= Hideous (liqueur) =

Hideous is a berry- and citrus-flavored liqueur, produced by Hideous, L.C., a company based in the United States.

The liqueur is 70 proof (35% alcohol by volume), is magenta in color, and mildly sweet. The company promotes it to be consumed as a "shooter" (shot) as well as in mixed drinks, several recipes for which it has developed. It has been compared in flavor to the cocktail called a cosmopolitan.
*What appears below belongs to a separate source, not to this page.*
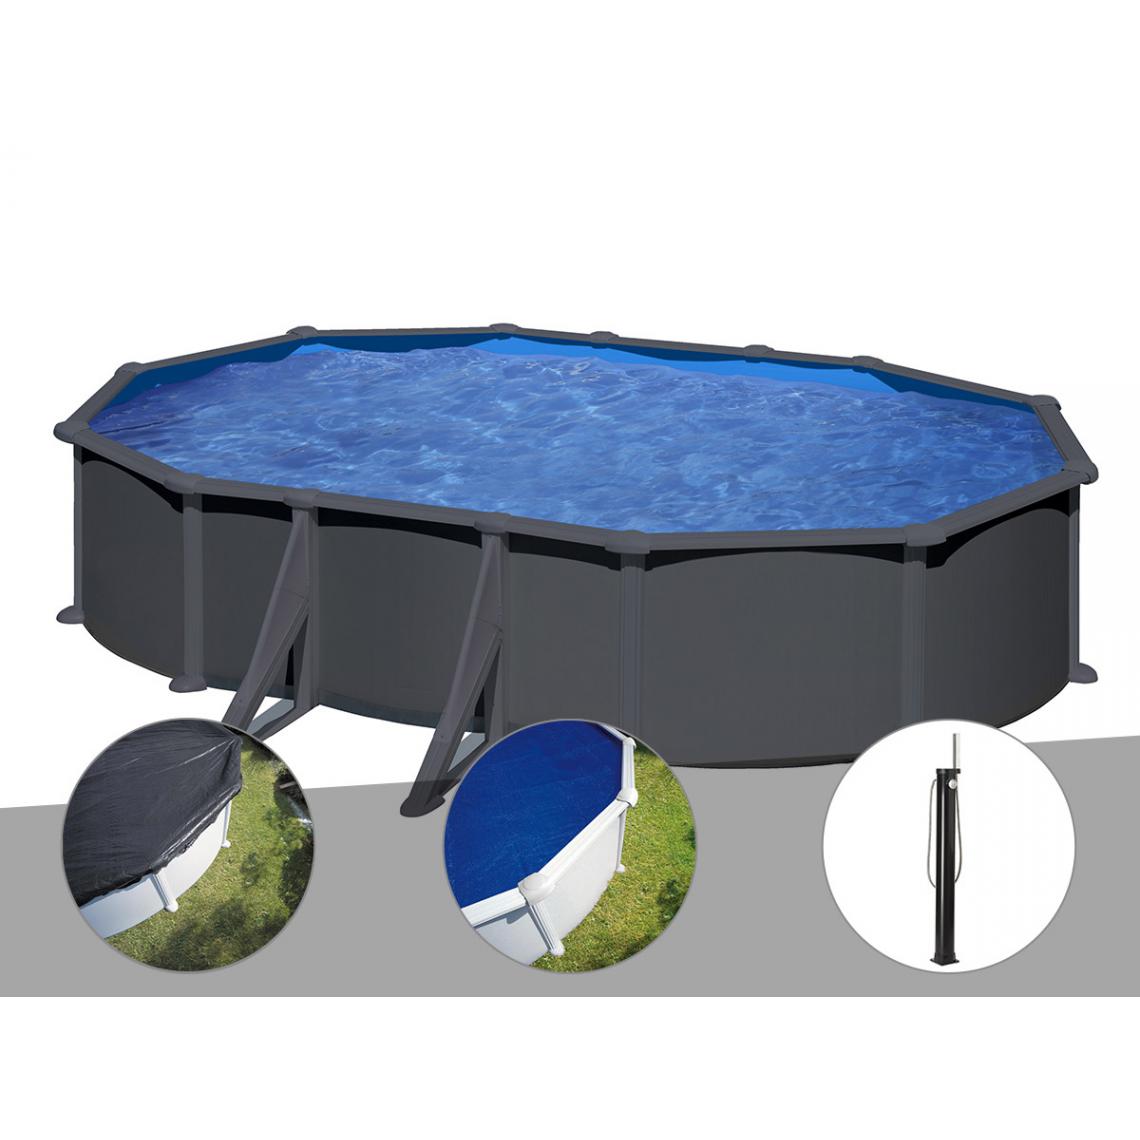 Gre - Kit piscine acier gris anthracite Gré Juni ovale 6,34 x 3,99 x 1,32 m + Bâche d'hivernage + Bâche à bulles + Douche - Piscines acier et résine

The liqueur is made from potato and corn neutral spirit, with added natural flavors derived from berries grown in the state of Washington (including raspberries and other berries) and citrus fruits. The neutral spirit is produced at Distilled Resources Inc. in Rigby, Idaho, and Hideous is one of only four U.S. liqueur manufacturers to produce its own neutral spirit.

Hideous, L.C.'s owner and founder is Michael E. Klein, who is originally from New Orleans, Louisiana. He developed the brand while a student at the University of Texas at Austin. The company is incorporated in New Orleans, where its headquarters is located, but most of the company's business is conducted from its Austin, Texas office. The liqueur is currently available in the U.S. states of Georgia, Tennessee, Louisiana, Texas, Arkansas, Idaho, Montana, Washington, Wyoming, and Oregon.